Completely delete study (DESTRUCTIVE).
Args:
confirm: Must be True to actually delete
dry_run: Preview changes without executing
Returns:
Operation result dictionary
"""
result = {"operation": "delete_study", "dry_run": dry_run}
if not confirm and not dry_run:
result["status"] = "error"
result["message"] = "Must set confirm=True to delete study"
return result
if not self.study_path.exists():
result["status"] = "skipped"
result["message"] = "Study does not exist"
return result
if dry_run:
result["status"] = "preview"
result["message"] = f"Would delete: {self.study_path}"
return result
# Create archive first
archive_result = self.archive_results()
result["archive"] = archive_result
# Delete study folder
shutil.rmtree(self.study_path)
result["status"] = "success"
result["message"] = f"Deleted study: {self.study_name}"
return result
def reset_study(
study_name: str,
reset_db: bool = True,
cleanup_temp: bool = True,
backup: bool = True,
dry_run: bool = False
) -> Dict[str, Any]:
"""
Convenience function to reset a study.
Args:
study_name: Name of the study
reset_db: Reset the Optuna database
cleanup_temp: Clean up temporary files
backup: Create backup before reset
dry_run: Preview changes without executing
Returns:
Operation result dictionary
"""
resetter = StudyReset(study_name)
if not resetter.validate_study_exists():
return {"status": "error", "message": f"Study '{study_name}' not found"}
results = {}
if reset_db:
results["database"] = resetter.reset_database(backup=backup, dry_run=dry_run)
if cleanup_temp:
results["temp_cleanup"] = resetter.cleanup_temp_files(dry_run=dry_run)
return results
if __name__ == "__main__":
import argparse
parser = argparse.ArgumentParser(
description="Reset or cleanup Atomizer optimization studies",
formatter_class=argparse.RawDescriptionHelpFormatter,
epilog="""
Examples:
# Show study status
python -m optimization_engine.study_reset my_study --status
# Preview reset (dry run)
python -m optimization_engine.study_reset my_study --full-reset --dry-run
# Reset database only
python -m optimization_engine.study_reset my_study --reset-db
# Clean temp files only
python -m optimization_engine.study_reset my_study --cleanup-temp
# Full reset with backup
python -m optimization_engine.study_reset my_study --full-reset
"""
)
parser.add_argument("study_name", help="Name of the study")

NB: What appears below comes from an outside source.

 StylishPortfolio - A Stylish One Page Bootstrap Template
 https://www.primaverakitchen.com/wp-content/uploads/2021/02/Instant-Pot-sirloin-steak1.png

parser.add_argument("--status", action="store_true", help="Show study status only")
parser.add_argument("--reset-db", action="store_true", help="Reset Optuna database")
parser.add_argument("--cleanup-temp", action="store_true", help="Clean temporary files")

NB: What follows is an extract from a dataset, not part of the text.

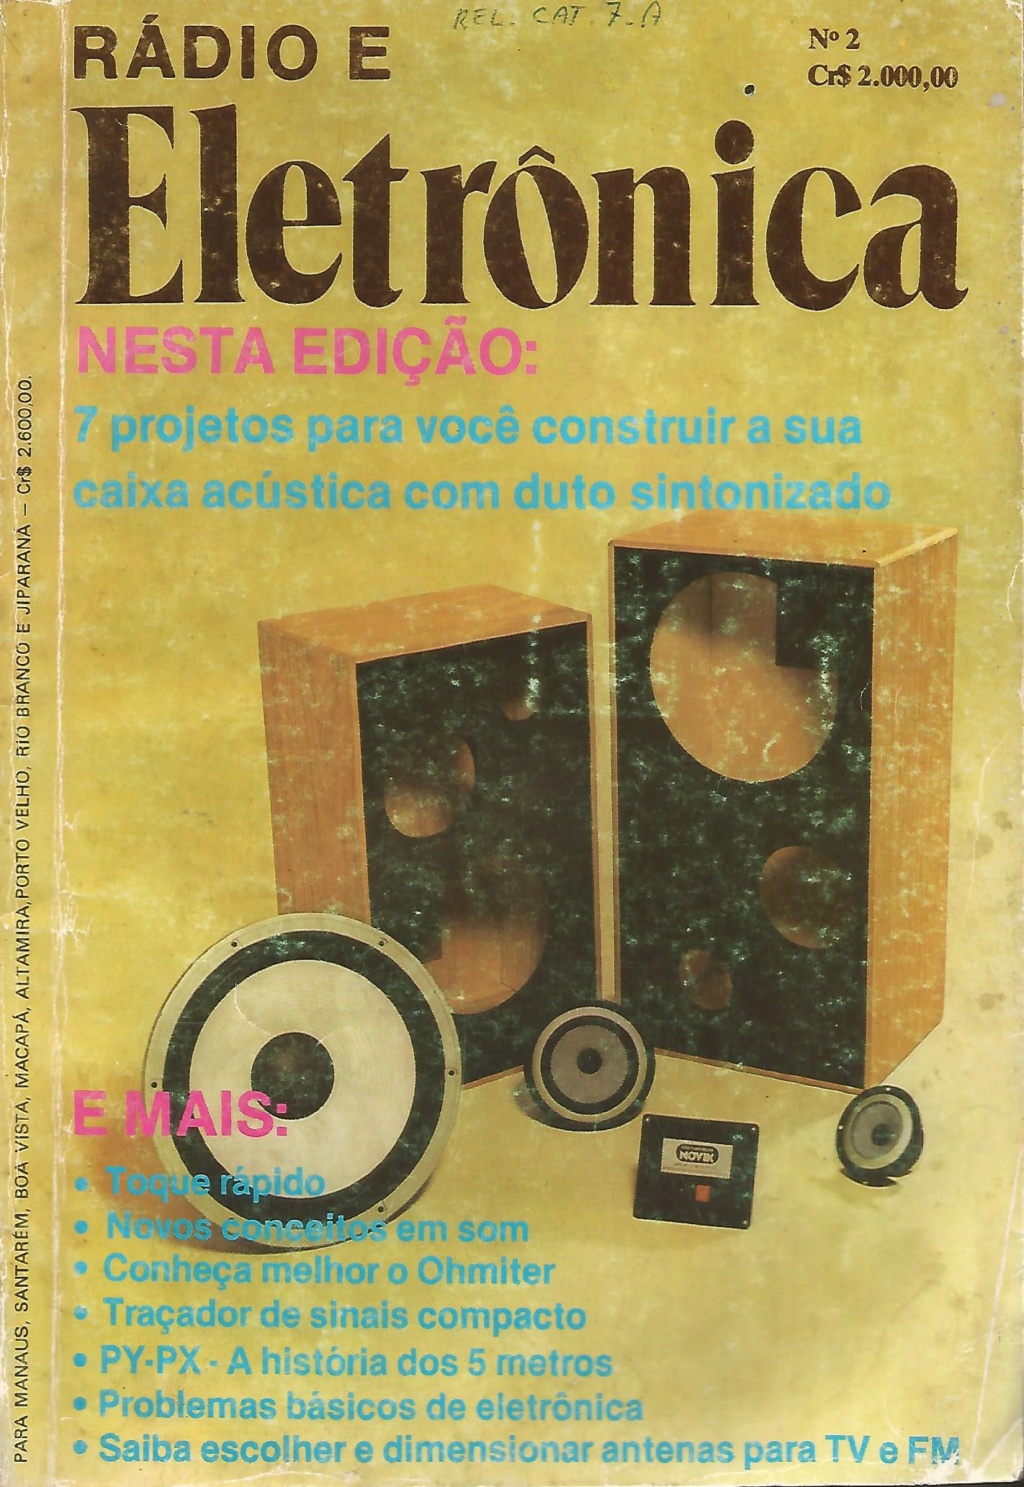 Link Revista Rádio e Eletrônica NR 02 Capa_r10

parser.add_argument("--full-reset", action="store_true", help="Full reset (db + temp)")
parser.add_argument("--archive", action="store_true", help="Archive results before reset")

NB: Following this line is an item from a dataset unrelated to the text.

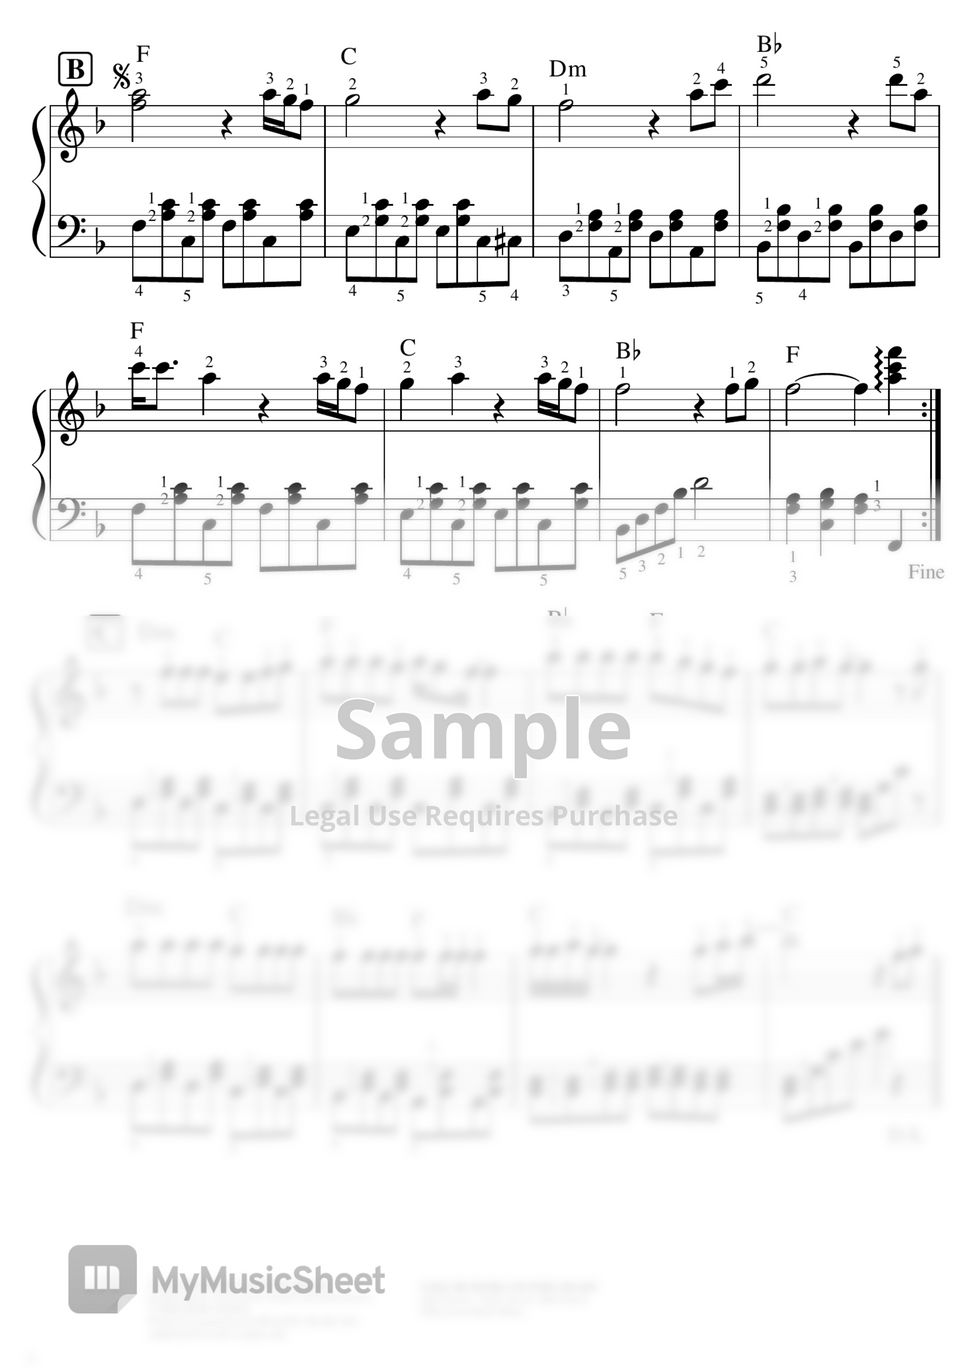 ジョン・デンバー - 【Easy】Country Roads（Studio Ghibli "Whisper Of The Heart"） (耳をすませば,スタジオジブリ) by ピアノのせんせいの楽譜集

parser.add_argument("--delete", action="store_true", help="Delete study completely")
parser.add_argument("--no-backup", action="store_true", help="Skip backup")
parser.add_argument("--dry-run", action="store_true", help="Preview without executing")
parser.add_argument("--yes", "-y", action="store_true", help="Skip confirmation prompts")
args = parser.parse_args()
# Set up logging
logging.basicConfig(
level=logging.INFO,
format='%(asctime)s [%(levelname)s] %(message)s'
)
resetter = StudyReset(args.study_name)
if not resetter.validate_study_exists():
print(f"Error: Study '{args.study_name}' not found")
sys.exit(1)
if args.status:
stats = resetter.get_study_stats()
print(f"\nStudy: {args.study_name}")
print("=" * 50)
print(f" Trials: {stats['trials']} ({stats['completed']} completed, {stats['failed']} failed)")
print(f" Database size: {stats['db_size_mb']:.2f} MB")
print(f" Temp files: {stats['temp_files']} ({stats['temp_size_mb']:.2f} MB)")
sys.exit(0)
# Confirmation
if not args.dry_run and not args.yes:
action = "full reset" if args.full_reset else \
"delete" if args.delete else \
"reset" if args.reset_db else "cleanup"
response = input(f"\nReally {action} study '{args.study_name}'? [y/N] ")
if response.lower() not in ['y', 'yes']:
print("Aborted")
sys.exit(0)
backup = not args.no_backup
if args.full_reset:
result = resetter.full_reset(backup=backup, dry_run=args.dry_run)
elif args.delete:
result = resetter.delete_study(confirm=True, dry_run=args.dry_run)
elif args.reset_db:
result = resetter.reset_database(backup=backup, dry_run=args.dry_run)
elif args.cleanup_temp:
result = resetter.cleanup_temp_files(dry_run=args.dry_run)
elif args.archive:
result = resetter.archive_results(dry_run=args.dry_run)
else:
parser.print_help()
sys.exit(0)
print("\nResult:")
print(json.dumps(result, indent=2))
if args.dry_run:
print("\n[DRY RUN - no changes made]")